Associate Director, Statistical Genetics
About the role
The Human Genetics team at Alnylam is seeking a visionary scientific leader to head the Analytical Genetics function. This role is central to translating human genetic insights into life-changing RNAi therapeutics.
Responsibilities
Lead and grow a high-performing Analytical Genetics group, establishing scientific direction, prioritizing impactful work, and building capabilities to deliver genetics-driven discovery at scale.
Design and oversee large-scale analyses of common and rare genetic variation across biobank-scale datasets, contributing to critical analyses while implementing robust, scalable frameworks and standards.
Define and execute cross-biobank analysis strategies, developing approaches that maximize discovery power across diverse internal and external datasets.
Guide post-GWAS interpretation and causal inference efforts (e.g., fine-mapping, colocalization, Mendelian randomization) to enable confident causal gene nomination and therapeutic hypothesis generation.
Identify and implement emerging analytical approaches (e.g., multi-omics integration, polygenic modeling, rare variant aggregation, and AI/ML-enabled prioritization) to continuously advance methodological capabilities.
Develop and mentor scientific talent, fostering technical excellence, leadership growth, and a culture focused on rigor, innovation, and impact.
Represent Alnylam externally through high-impact publications, conference presentations, and strategic scientific engagements.
Evaluate and shape external data partnerships and new resources to expand discovery capabilities and maintain leadership in genetics-driven drug development.
Qualifications
PhD in Statistical Genetics or a related field with 8+ years of relevant postdoctoral or industry experience.
Demonstrated experience managing and developing teams to deliver high-impact results.
Deep expertise in statistical genetics, including GWAS and RVAS methods (e.g., single-variant testing, burden tests, SKAT), and extensive experience with relevant software (e.g., REGENIE, PLINK).
Extensive experience processing and analyzing individual-level, biobank-scale genetic, phenotypic, and multi-omic data (e.g., proteomics), with a track record of novel discoveries.

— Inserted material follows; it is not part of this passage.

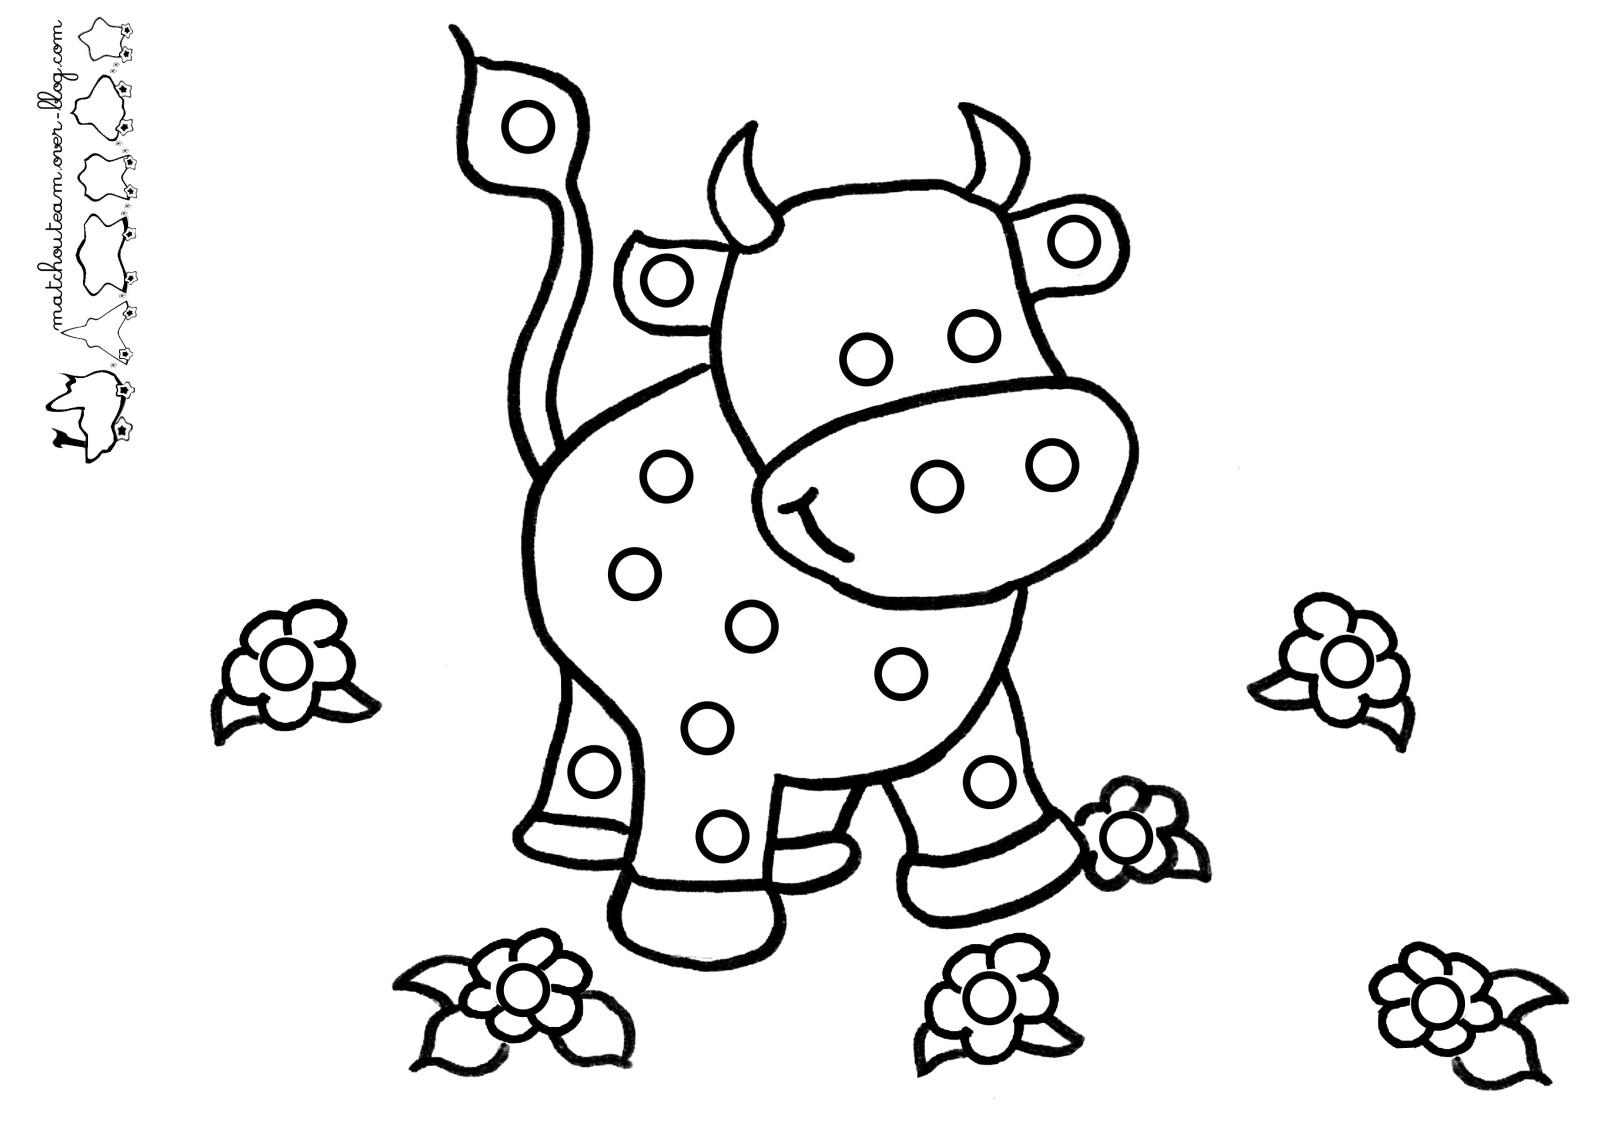 La Vache Mange Coloriage | 30000 ++ collections de pages à ...

Proven experience conducting multi-biobank analyses and meta-analyses (e.g., using METAL, RAREMETAL, REMETA), including methods to account for sample overlap.
Demonstrated expertise in variant-to-gene post-GWAS approaches (e.g., statistical fine-mapping, colocalization, Mendelian randomization).
Experience applying scalable statistical genetics tools to multivariate phenotype analysis, time-to-event and longitudinal analyses, and genetically diverse datasets to improve signal detection and resolution.
Hands-on experience processing and performing quality control (QC) on biobank-scale individual-level genetic data (WGS, WES, imputed data).
Expertise in phenotype generation and cross-biobank phenotype curation and harmonization.
Proficiency with Linux environments and advanced hands-on experience in Python and R.
Practical experience implementing genomics workflows on cloud-based platforms (e.g., DNAnexus, All of Us Researcher Workbench, Terra).
Excellent communication skills, ability to work collaboratively and cross-functionally, and a strong publication record in high-impact scientific journals.
Pay
$166,200.00 - $249,200.00
Schedule
Onsite
Benefits
Comprehensive benefits including medical, dental, and vision coverage, life and disability insurance, a lifestyle reimbursement program, flexible spending and health savings accounts, and a 401(k) with a generous company match. Eligible employees enjoy paid time off, wellness days, holidays, and two company-wide recharge breaks. We also offer generous family resources and leave. Our commitment to your well-being reflects our belief that caring for our people fuels the impact we create together.